» **Supplied material**
· · · · ·

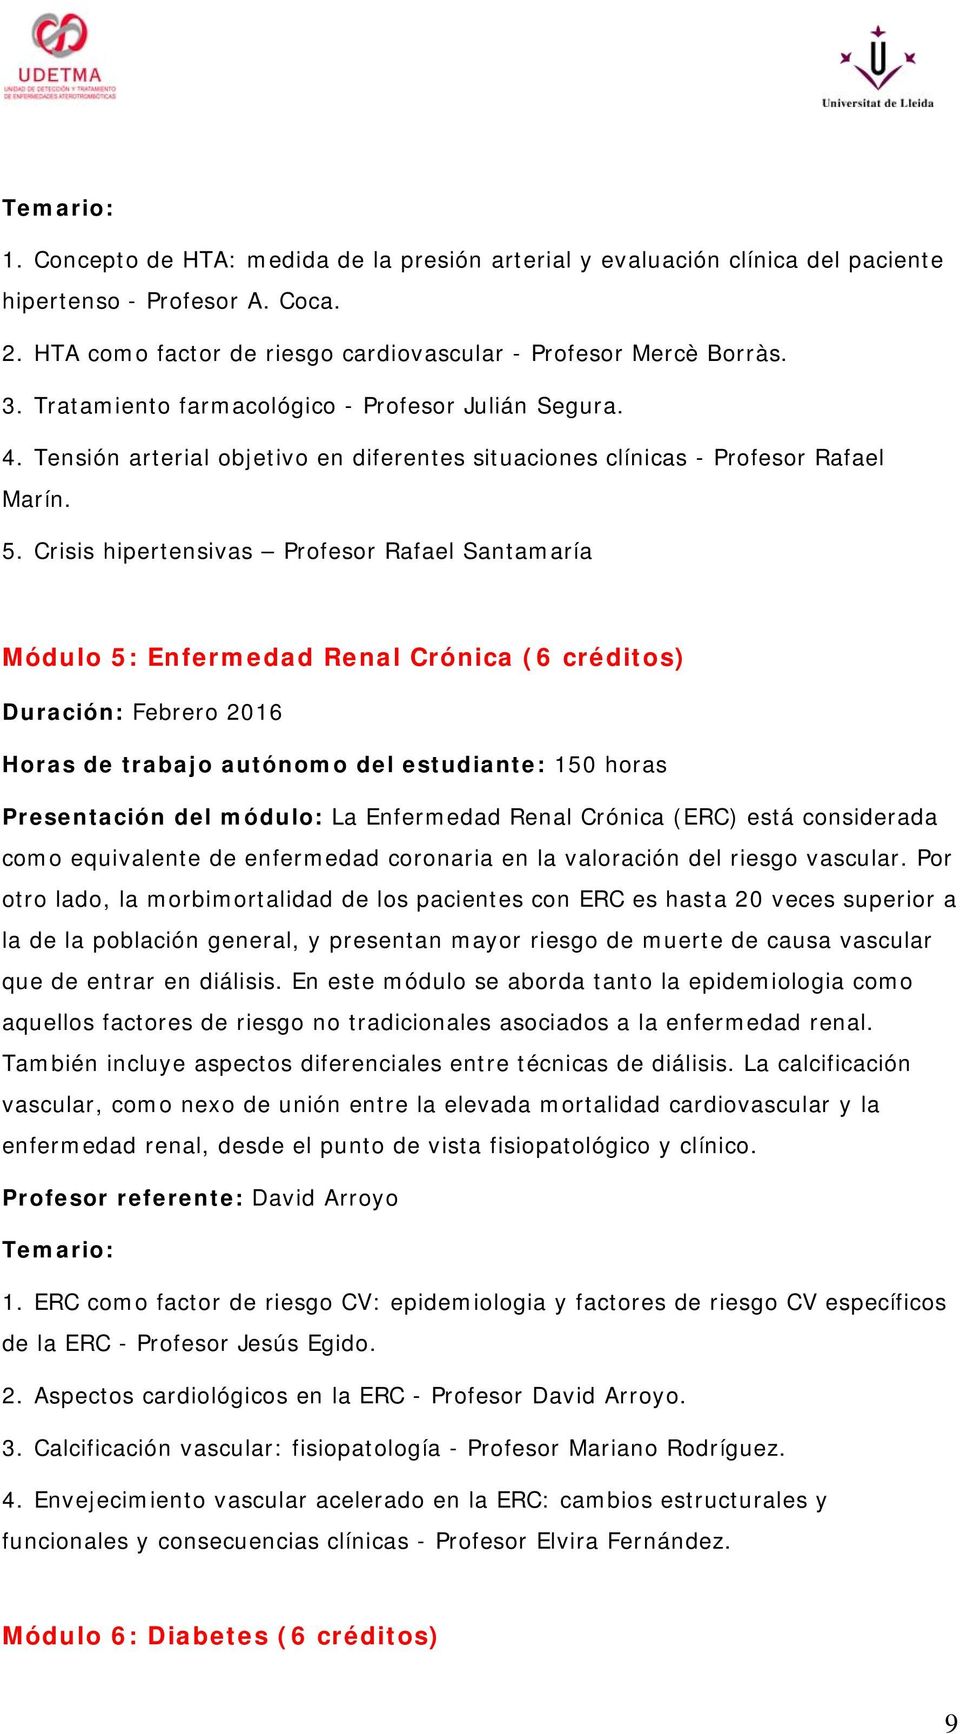 Crisis hipertensivas Profesor Rafael Santamaría Módulo 5: Enfermedad Renal Crónica (6 créditos) Duración: Febrero 2016 Presentación del módulo: La Enfermedad Renal Crónica (ERC) está considerada como
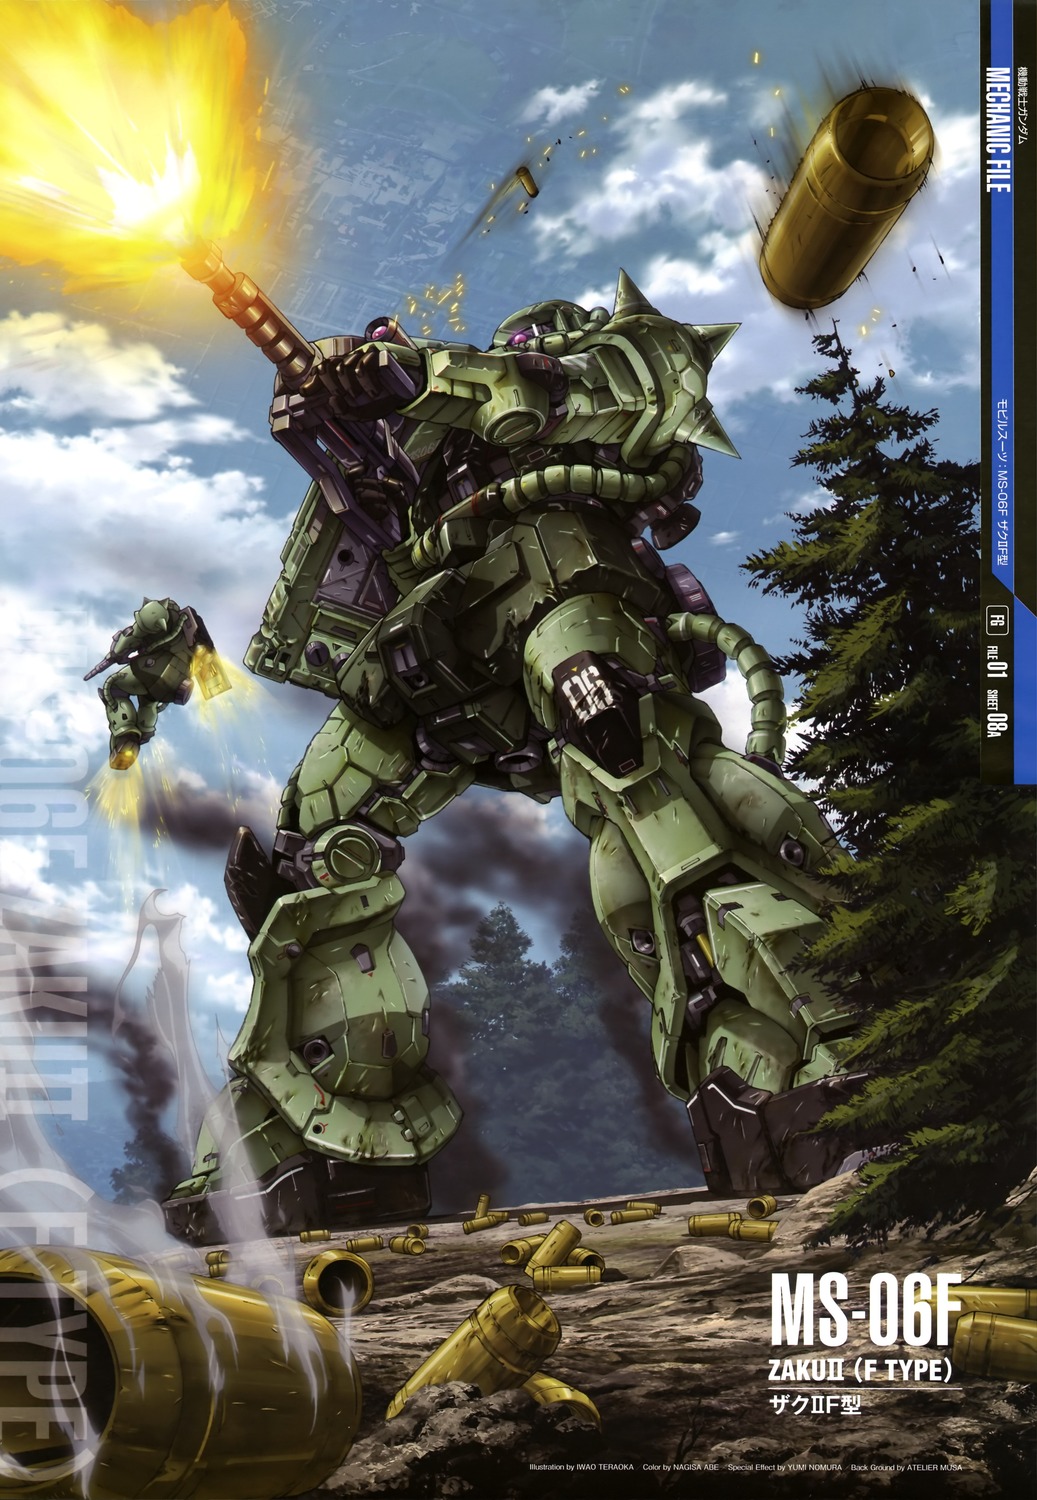 ... GUY: Mobile Suit Gundam Mechanic File - Wallpaper Size Images [Part 1
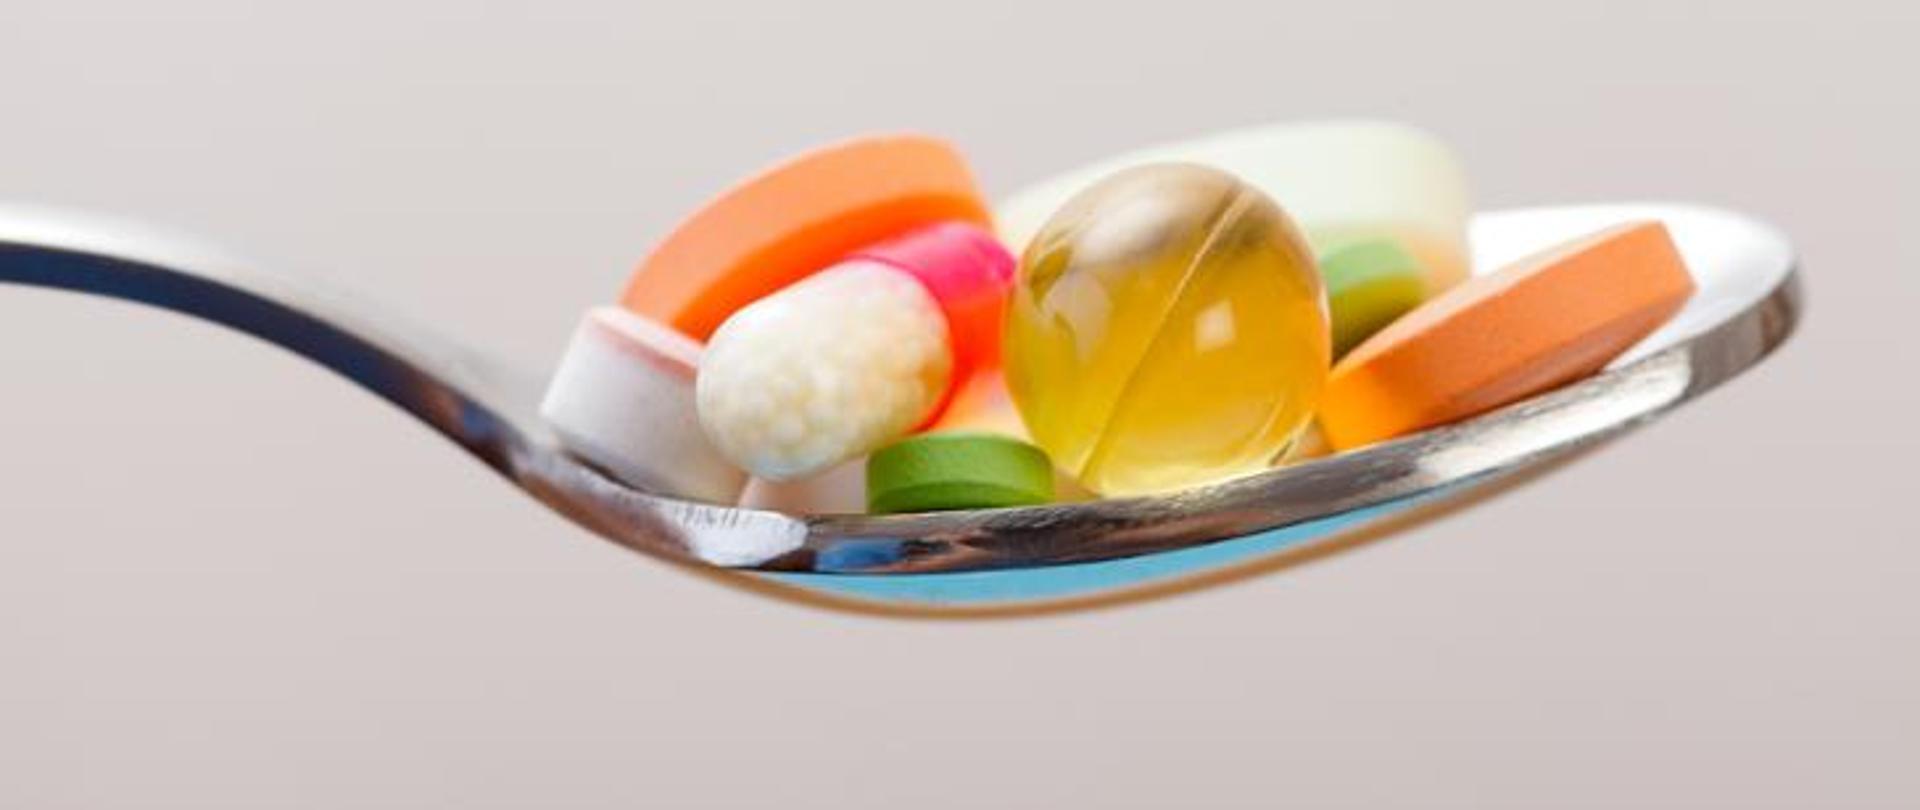 Zdjęcie przedstawia łyżkę stołową wypełnioną tabletkami, kapsułkami - suplementy diety

· · · · ·

» **What to produce**
Leaving the pictures behind, return every line above exactly.

» **Response to this task**
 Crisis hipertensivas Profesor Rafael Santamaría Módulo 5: Enfermedad Renal Crónica (6 créditos) Duración: Febrero 2016 Presentación del módulo: La Enfermedad Renal Crónica (ERC) está considerada como
 ... GUY: Mobile Suit Gundam Mechanic File - Wallpaper Size Images [Part 1
 Zdjęcie przedstawia łyżkę stołową wypełnioną tabletkami, kapsułkami - suplementy diety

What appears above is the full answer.